Approved Tuesday night by the Republican majority of the Alabama Senate -25 white men and no women-, the law does not provide for exceptions in case of incest or violation. Abortion is acceptable only if there is a danger of death for the mother or fetus.

But the law will probably not be enforced and the governor recognizes it in his statement.

The ACLU, the largest human rights organization in the United States, has promised to block it in court. And that is the intention.

The goal of its promoters is to provoke a judicial battle to the Supreme Court of Justice. They hope their judges, now the Conservative majority thanks to the designations of Republican President Donald Trump, will cancel the decision "Roe Vs. Wade" which, in 1973, allowed abortion throughout the country.

"We can all agree that, at least in the short term, this law can not come into effect," said Governor Ivey, stating that she had never supported "Roe Vs. Wade". "The proponents of this law believe that it is time (…) that the Supreme Court return to this important issue."

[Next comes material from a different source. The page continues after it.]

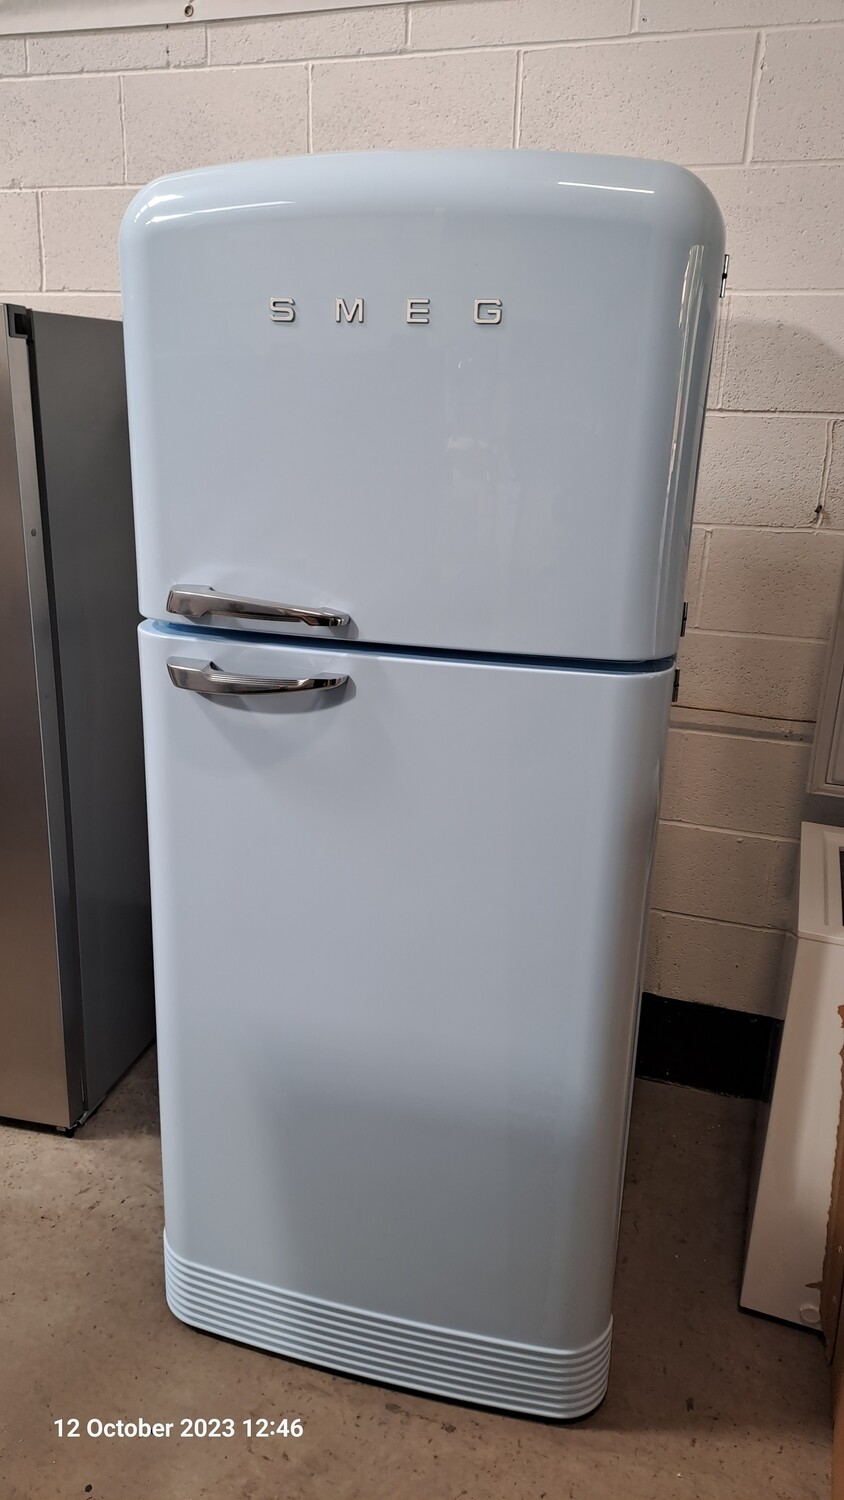 Smeg FAB50RPB5 Retro Style Frost Free Fridge Freezer H192 x W79.6 x D85cm Powder Blue. Mint Condition This item is located in our Whitby Road shop
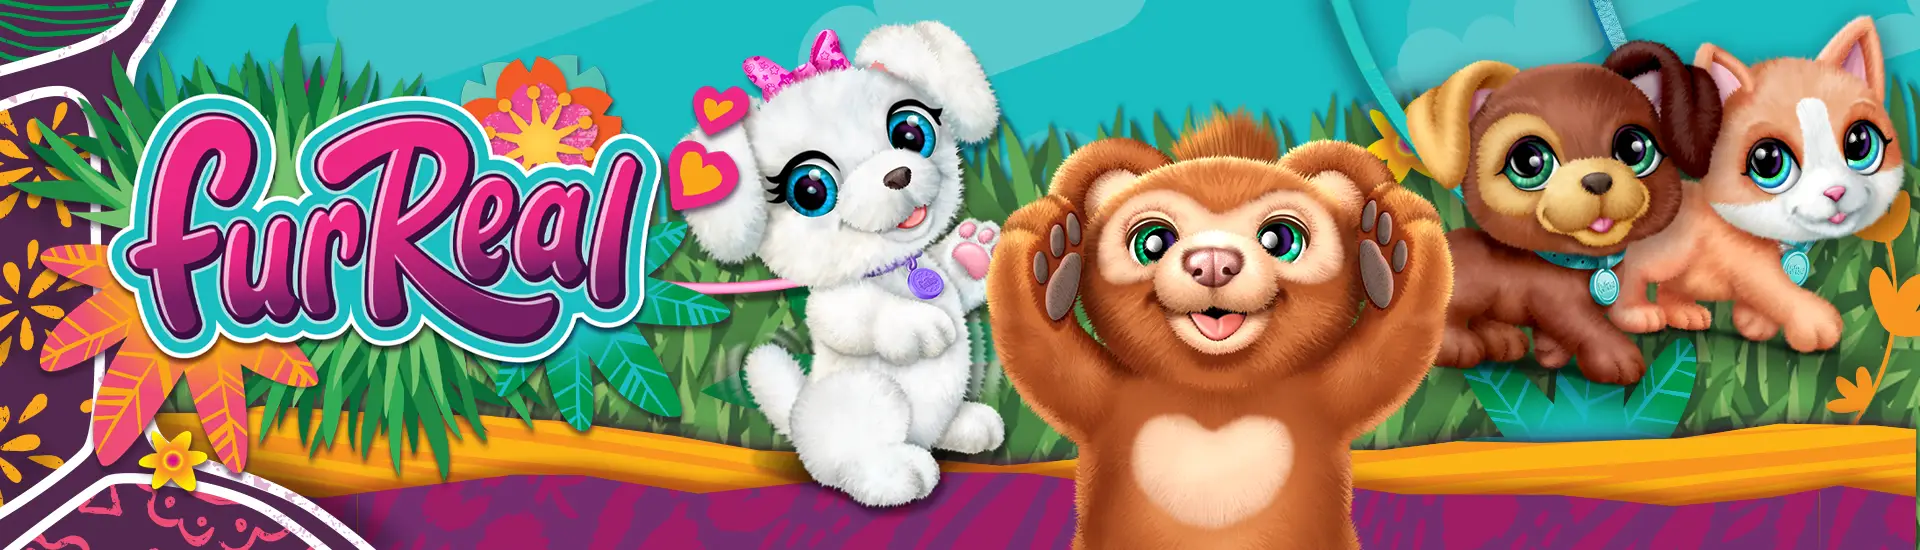 FurReal friends Cubby, l'ours curieux

Randall Marshall, executive director of the ACLU in Alabama, said that with this decision, "the governor and her colleagues in the state legislature have decided to waste millions of taxpayer dollars from Alabama to defend a law in a simple political effort to cancel 46 years previous legal "before the Supreme Court.

He also recalled that the clinics would remain open "and that the abortion remained safe and was a legal procedure in all clinics in Alabama".